The brace stays for another month. Angry, resentful, dissapointed.
It's really not such a big deal, I don't know why I'm so upset. Besides the fact that putting Avery in the awful brace is the worst part of my day, it's really not that bad. She doesn't know any difference because she's worn it for ten of her twelve weeks on earth. I know the difference and I truly hate it.
After our doc appointment today we went to the post office. They are always doing trainings there with students from the school for the blind down the street. Today there was a little girl, about ten years old, learning to find her way into the post office with the assistance of a guide. I felt so guilty seeing this. This girl won't experience a fraction of the things Avery will in her lifetime, and I feel like our life is a tragedy. I know most people with disabilities do not let it define them, if I learned anything from my last job it is that lesson alone!
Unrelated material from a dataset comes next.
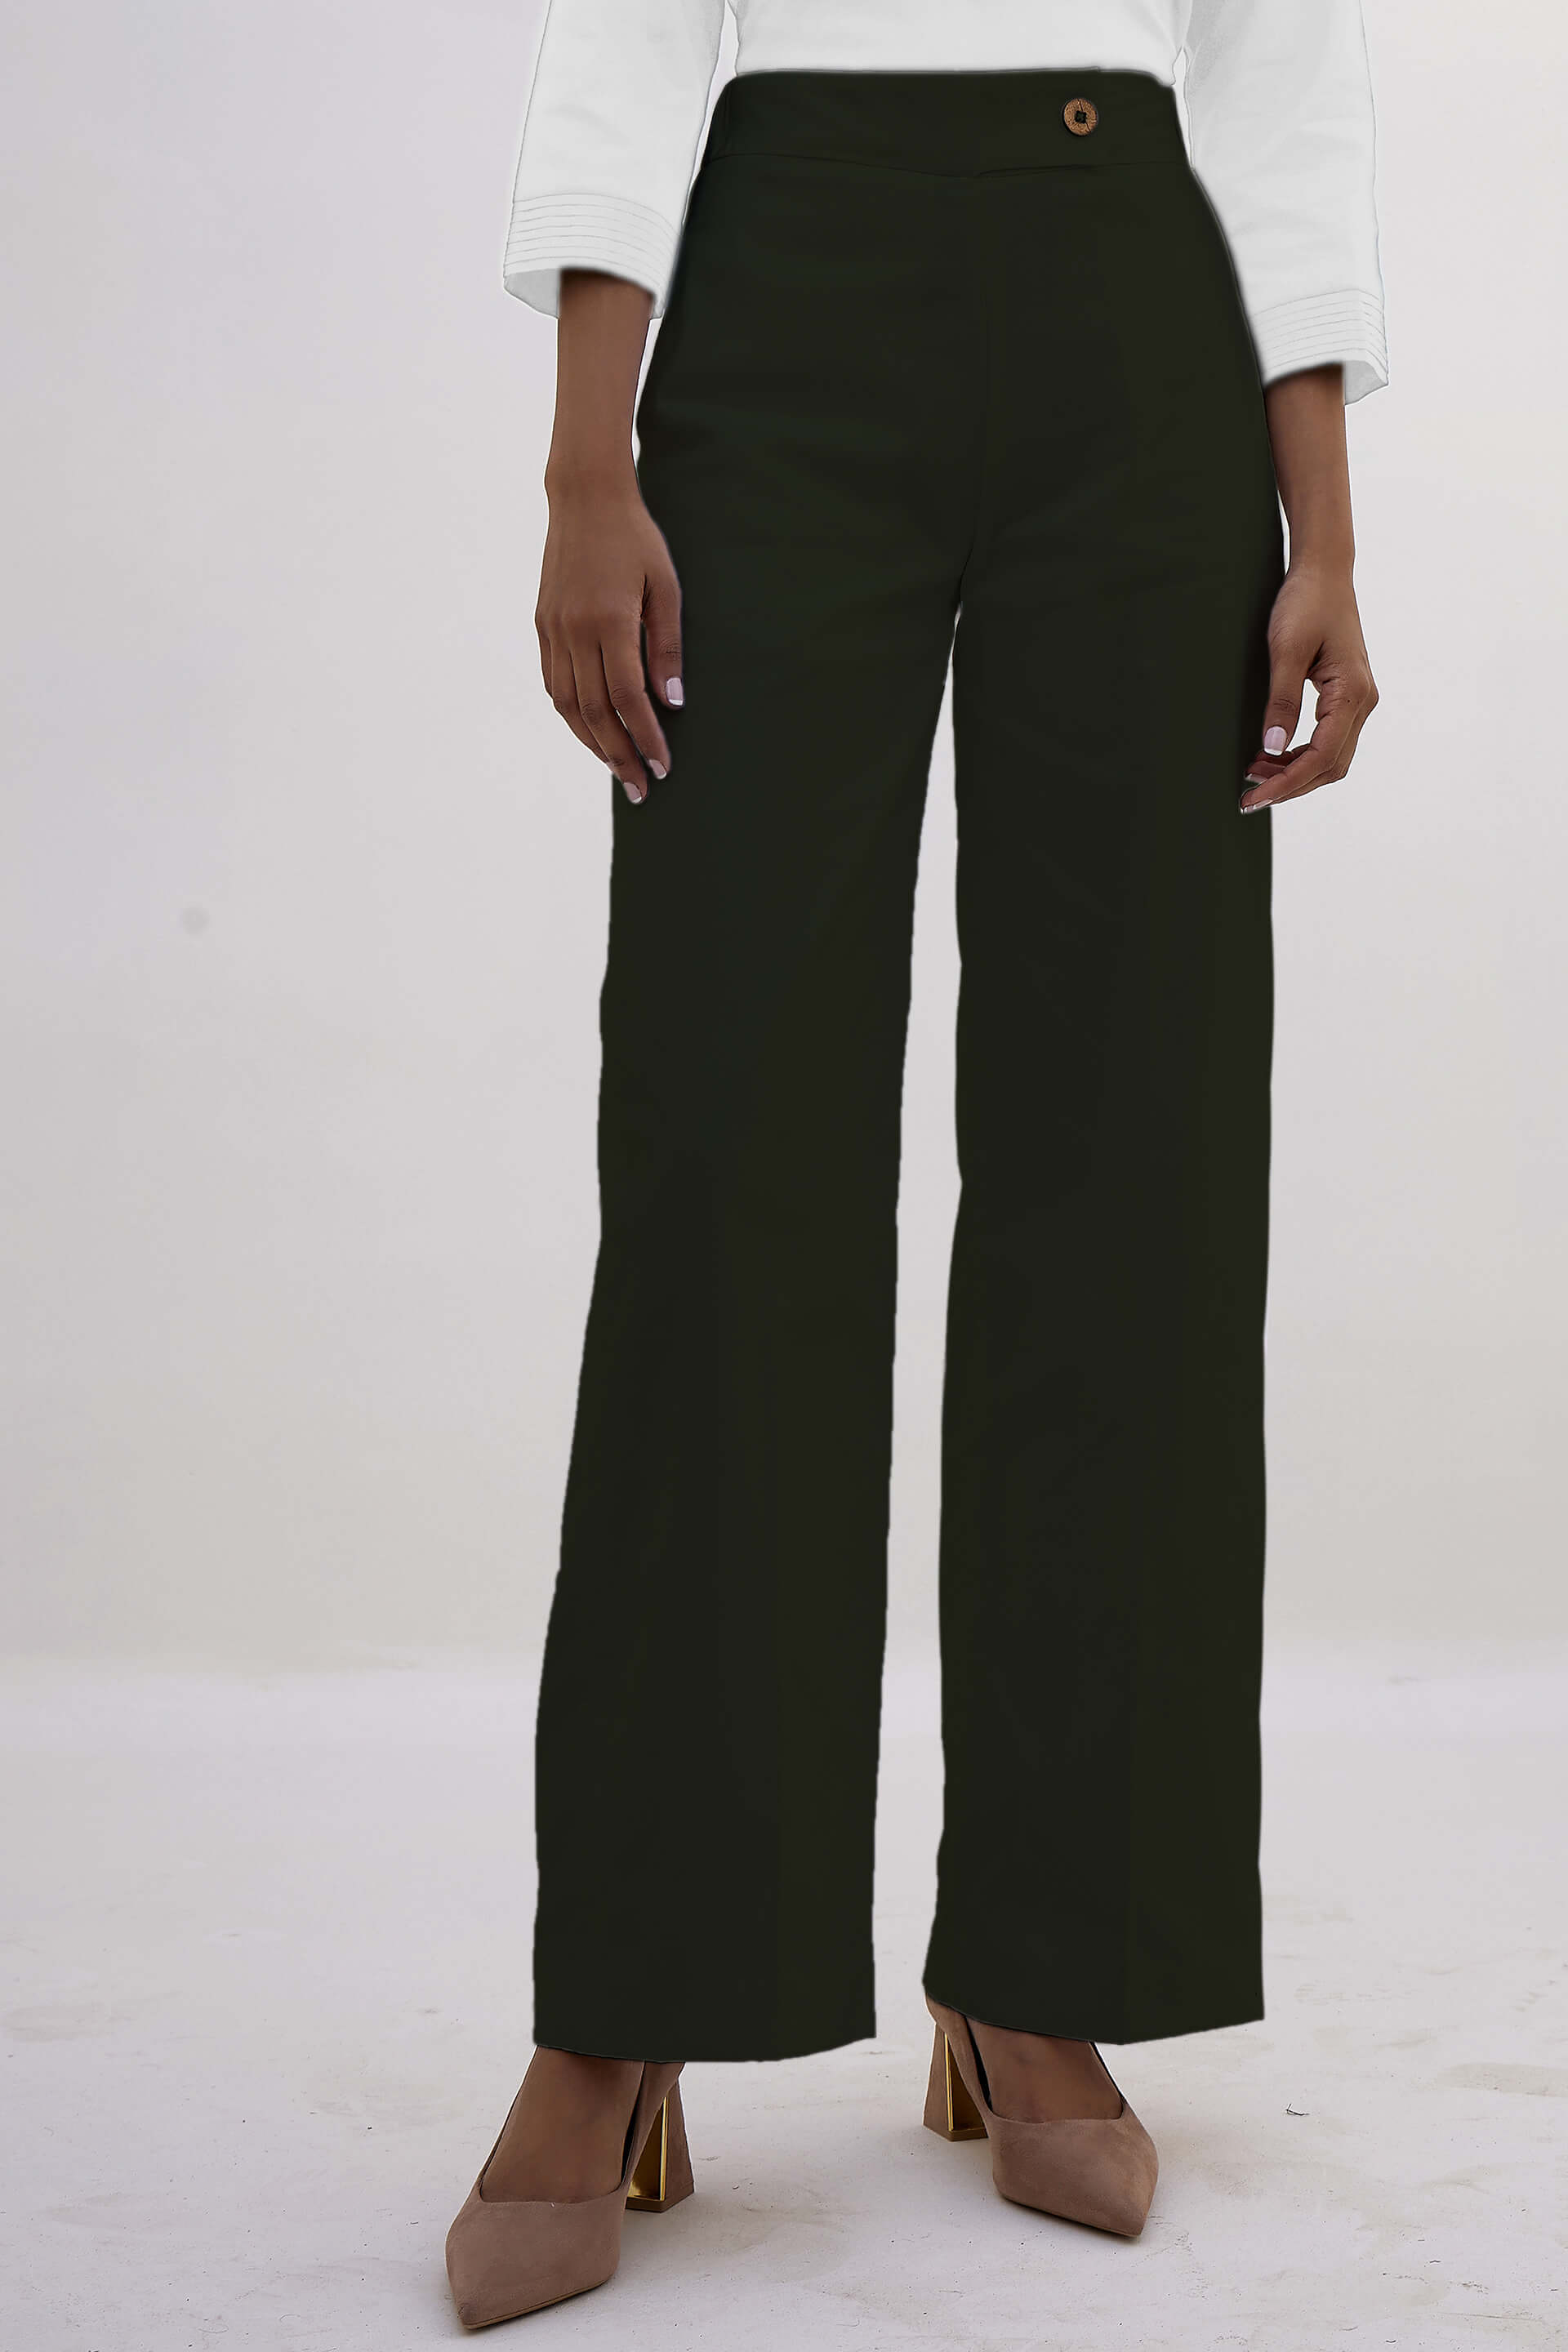 Mentos Elasticated Wide Leg Trousers - Olive Green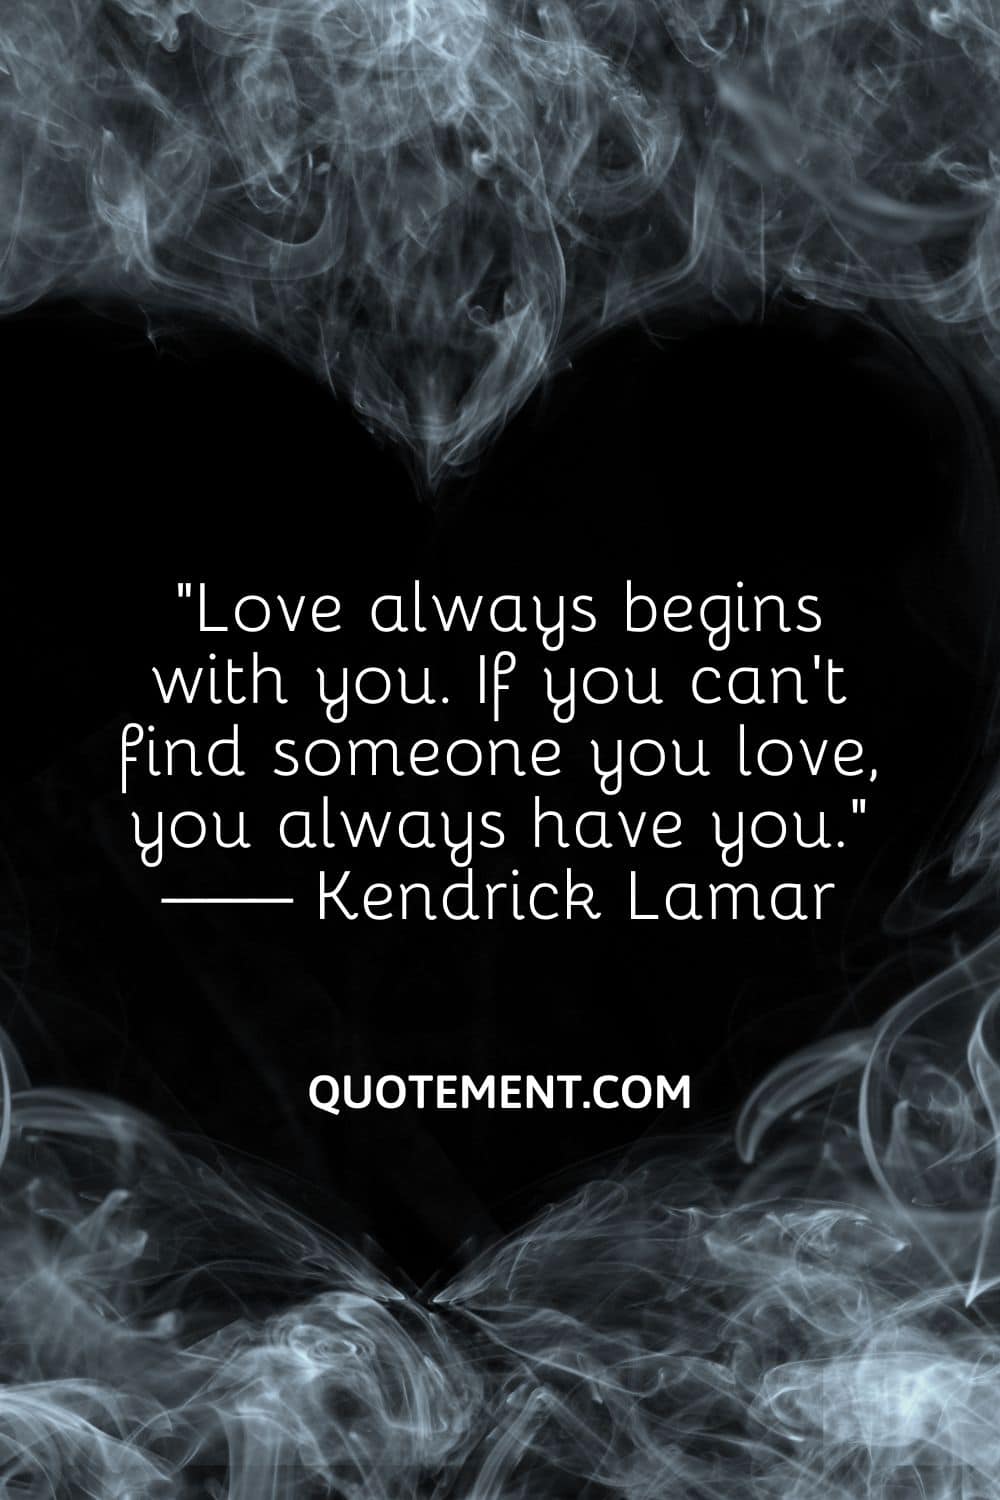 Love always begins with you. If you can’t find someone you love, you always have you

I also know that Avery's problems are only temporary and are treatable. Still, it feels very different when it's your child and their problems are out of your control. I can't do anything to speed this process up nor can I make it go away. It also makes me fearful to have another baby. So much can go wrong. I have not handled Avery's issues well, I don't think I could handle having a child with more complications.
I have no right to be so upset about this. Everything is going to be fine and she is a very happy girl. She may reach some of her developmental milestones a bit later than average, she has a closet full of wasted clothes that she will never wear, and she has to wear a grungy brace everyday. Other than that her life is awesome and I'm reassured of that every time she gives me a huge smile. If only mommy could have that outlook on life....working on it.